**TASK PROMPT:** Transcribe the listing below exactly, without pictures.

(SUPPLIED DATA Opens)

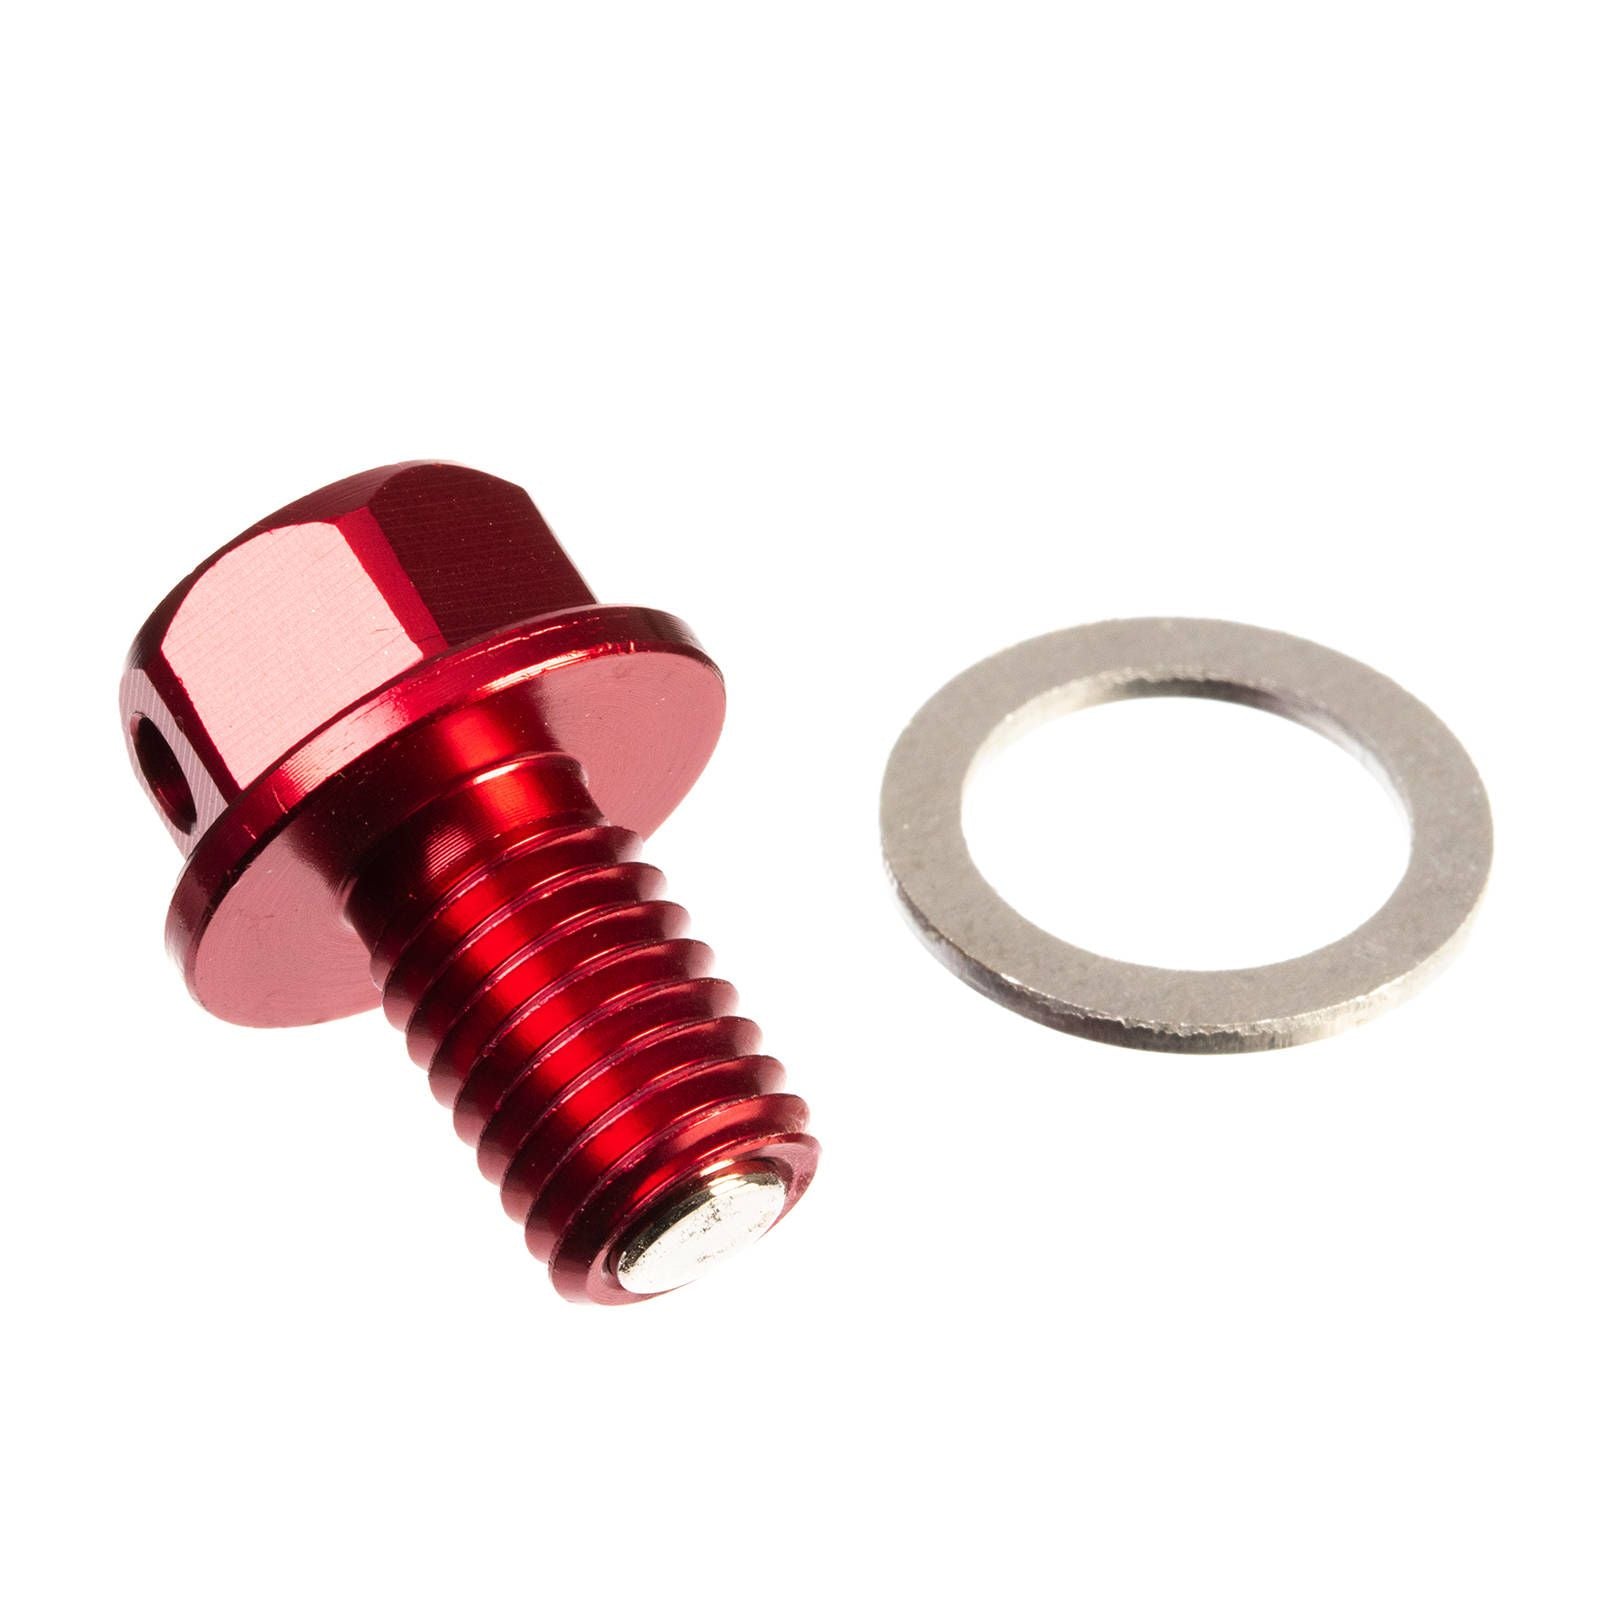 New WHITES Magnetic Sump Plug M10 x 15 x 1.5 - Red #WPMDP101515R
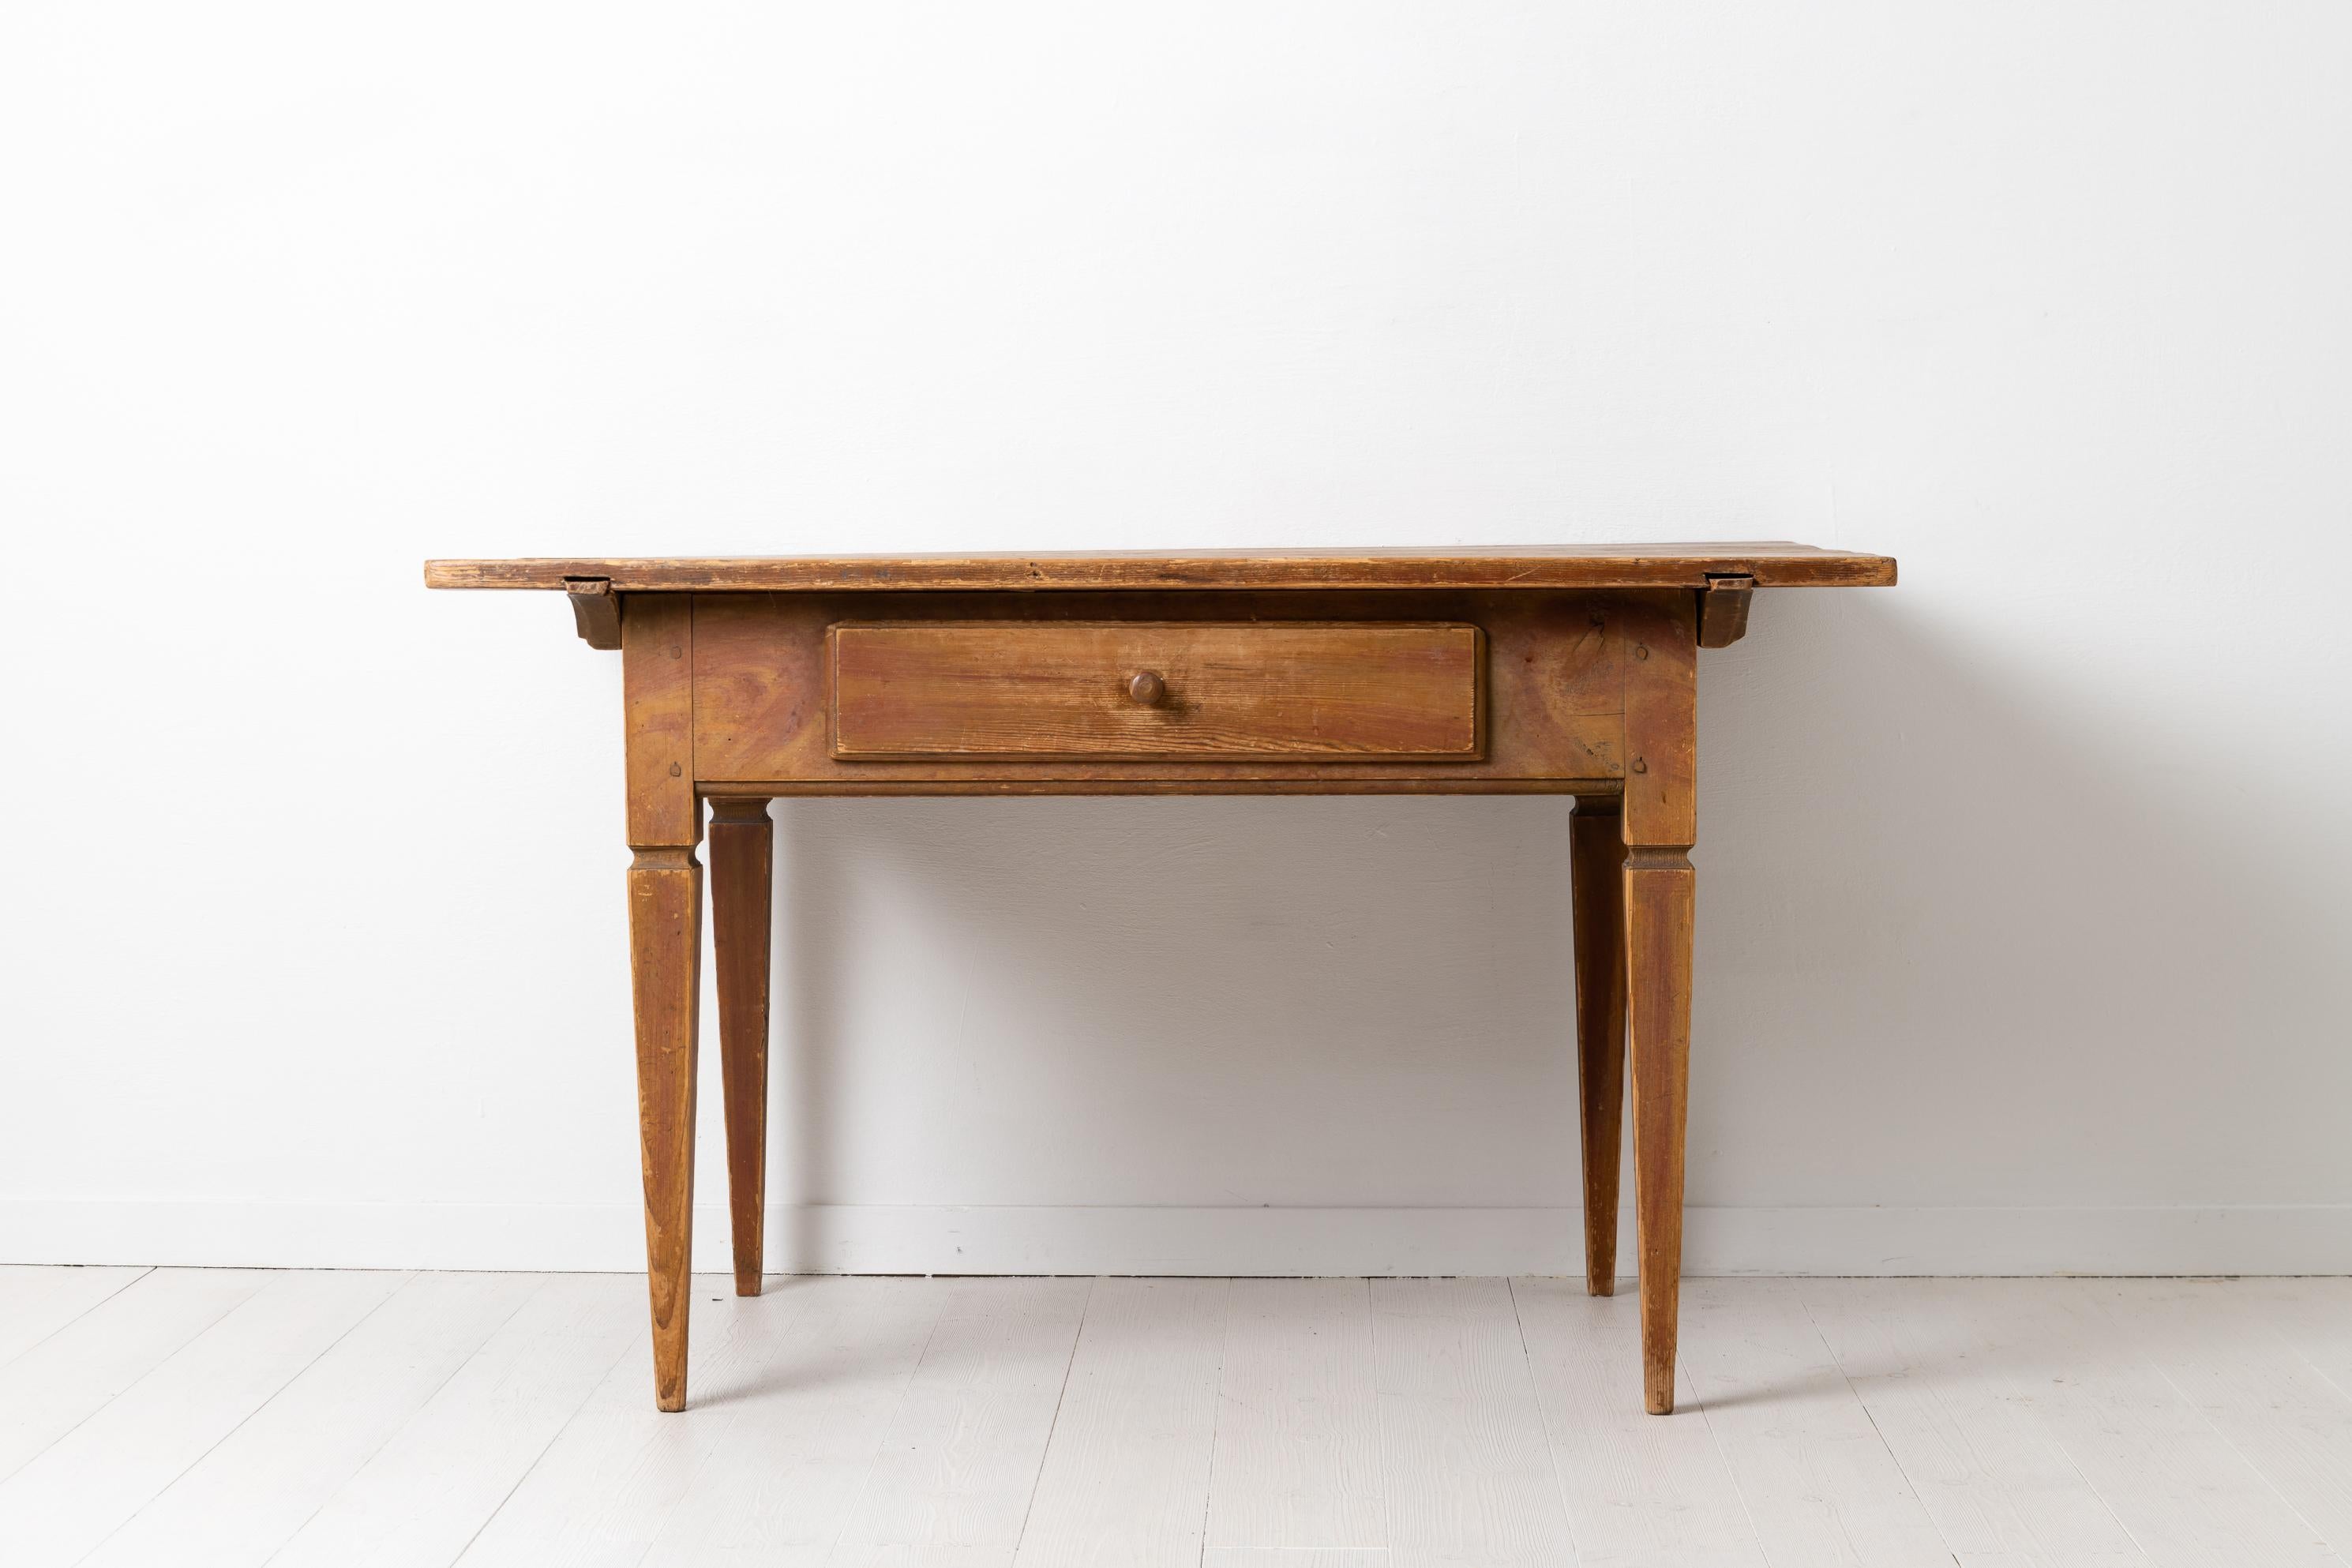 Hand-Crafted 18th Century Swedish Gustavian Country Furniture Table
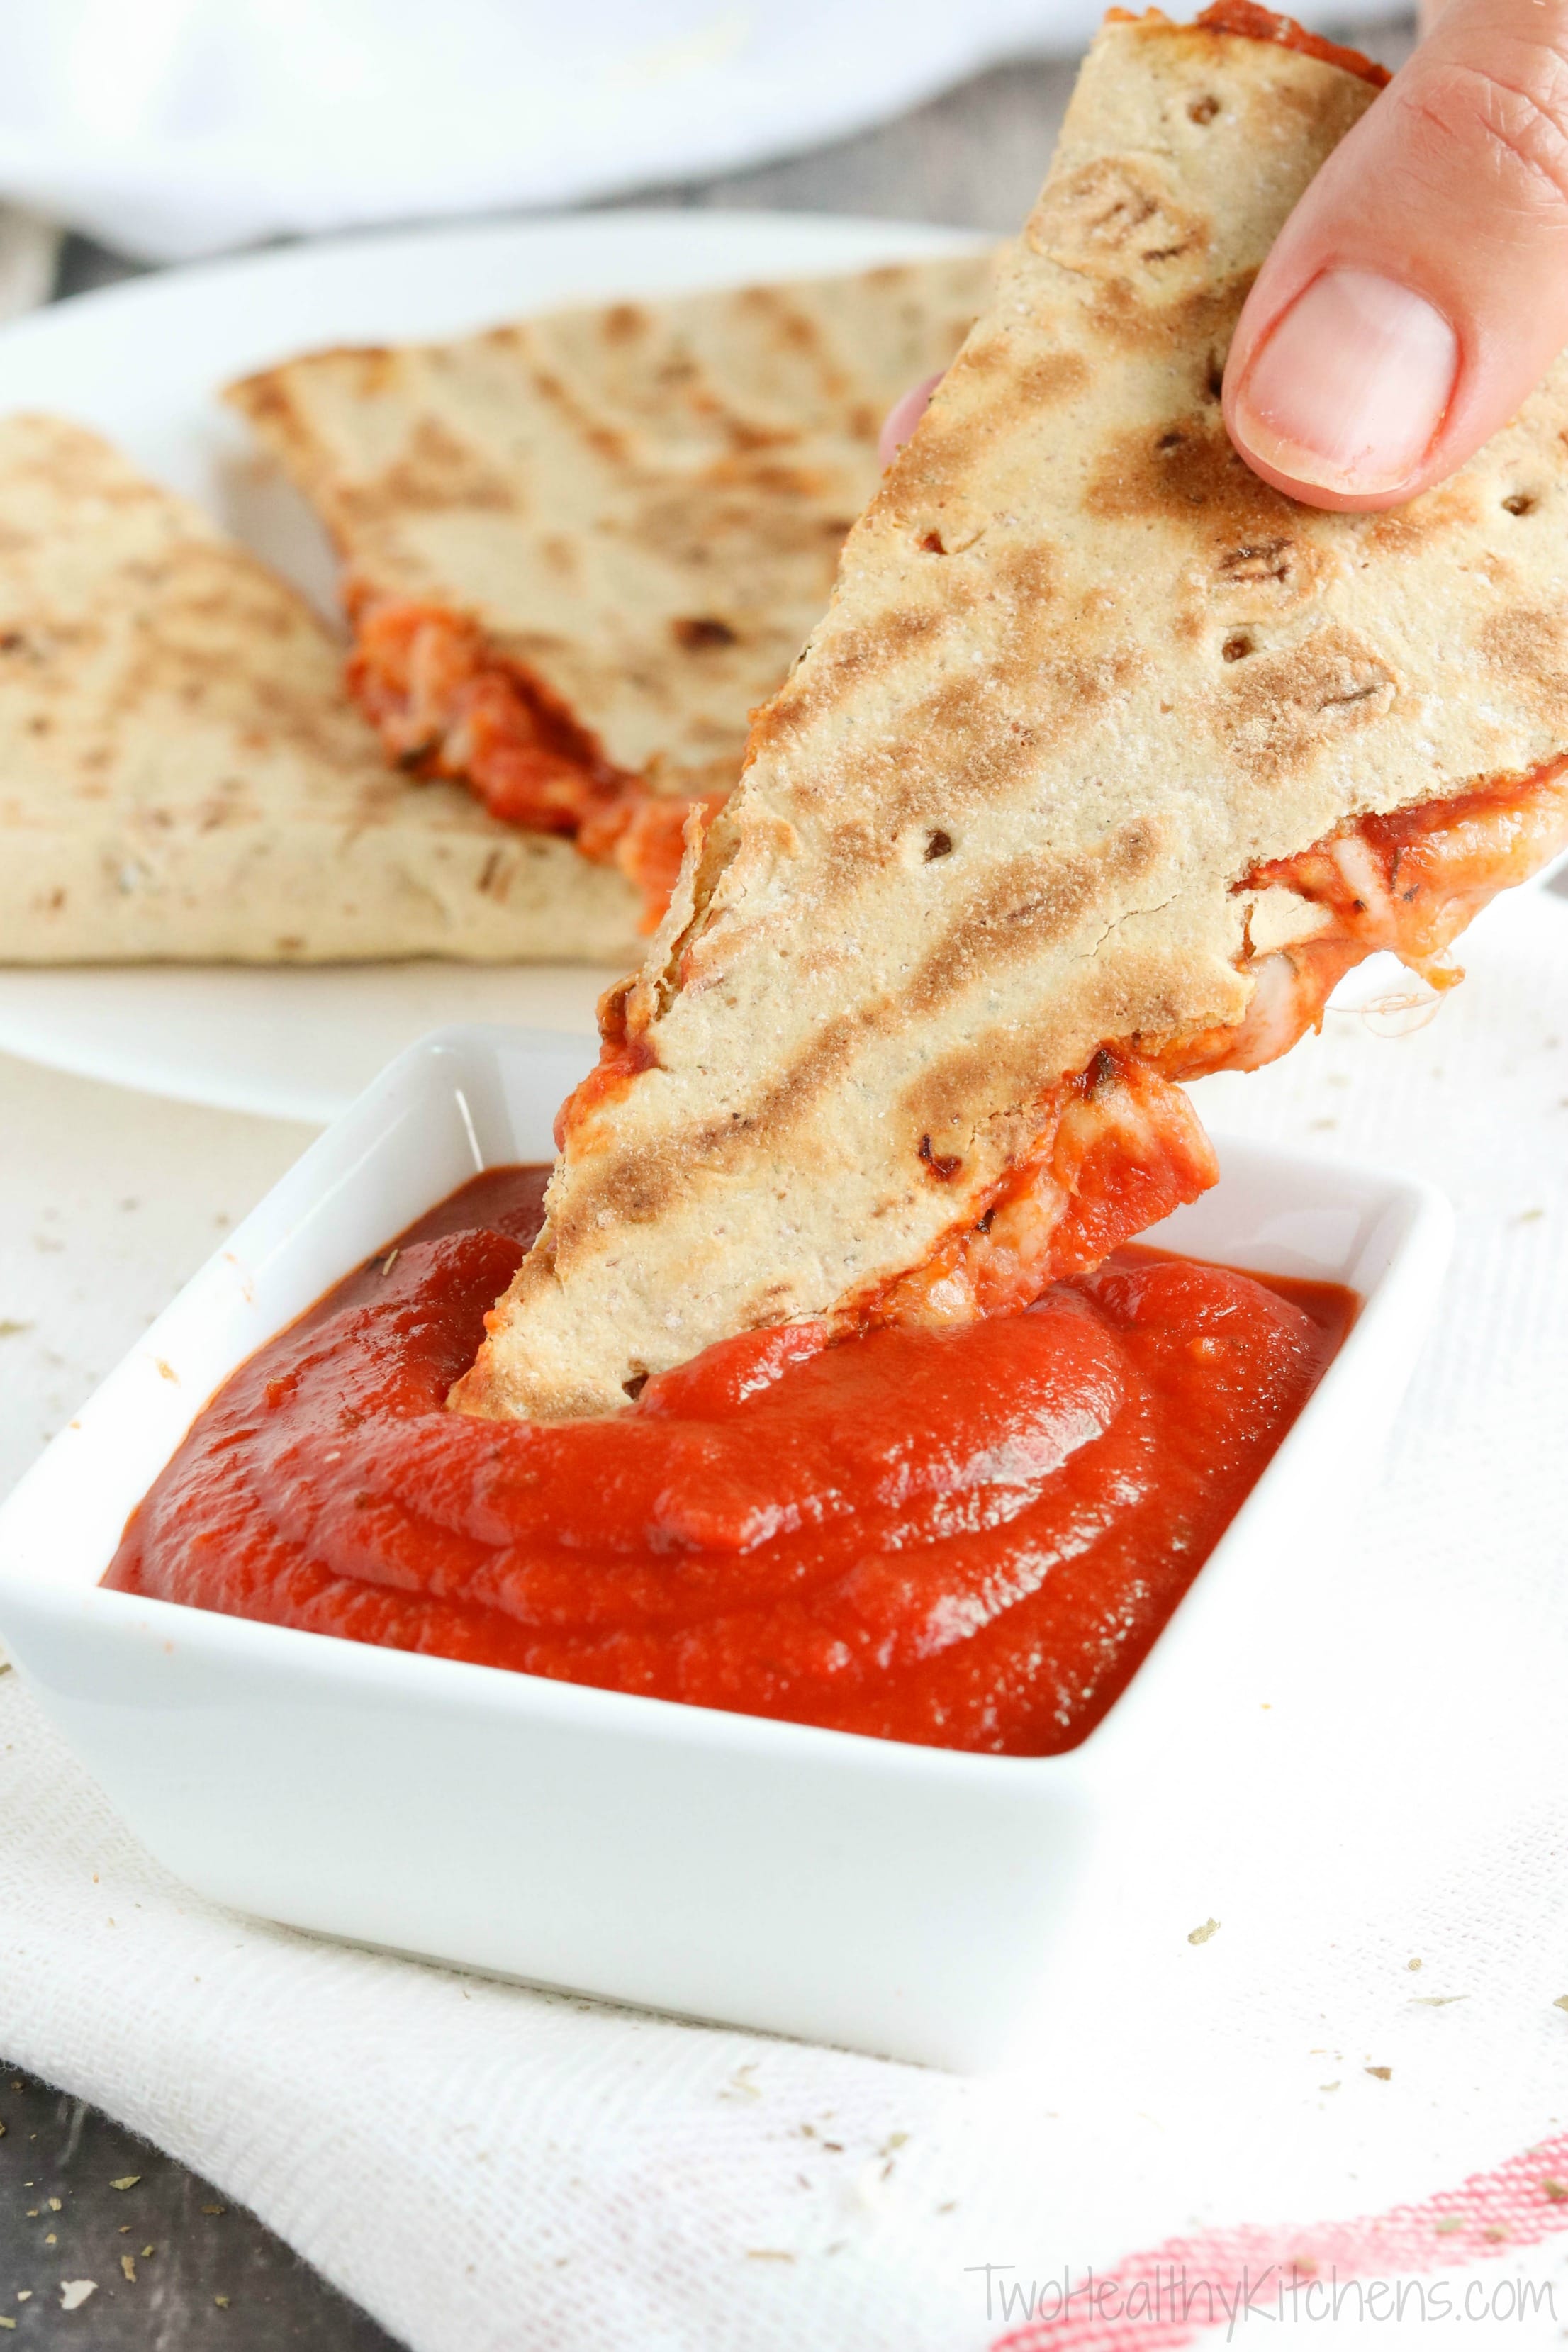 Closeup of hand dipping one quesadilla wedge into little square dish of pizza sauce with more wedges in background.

(SUPPLIED DATA Closes)

**EXPECTED ANSWER:**
 New WHITES Magnetic Sump Plug M10 x 15 x 1.5 - Red #WPMDP101515R
 Hand-Crafted 18th Century Swedish Gustavian Country Furniture Table
 Closeup of hand dipping one quesadilla wedge into little square dish of pizza sauce with more wedges in background.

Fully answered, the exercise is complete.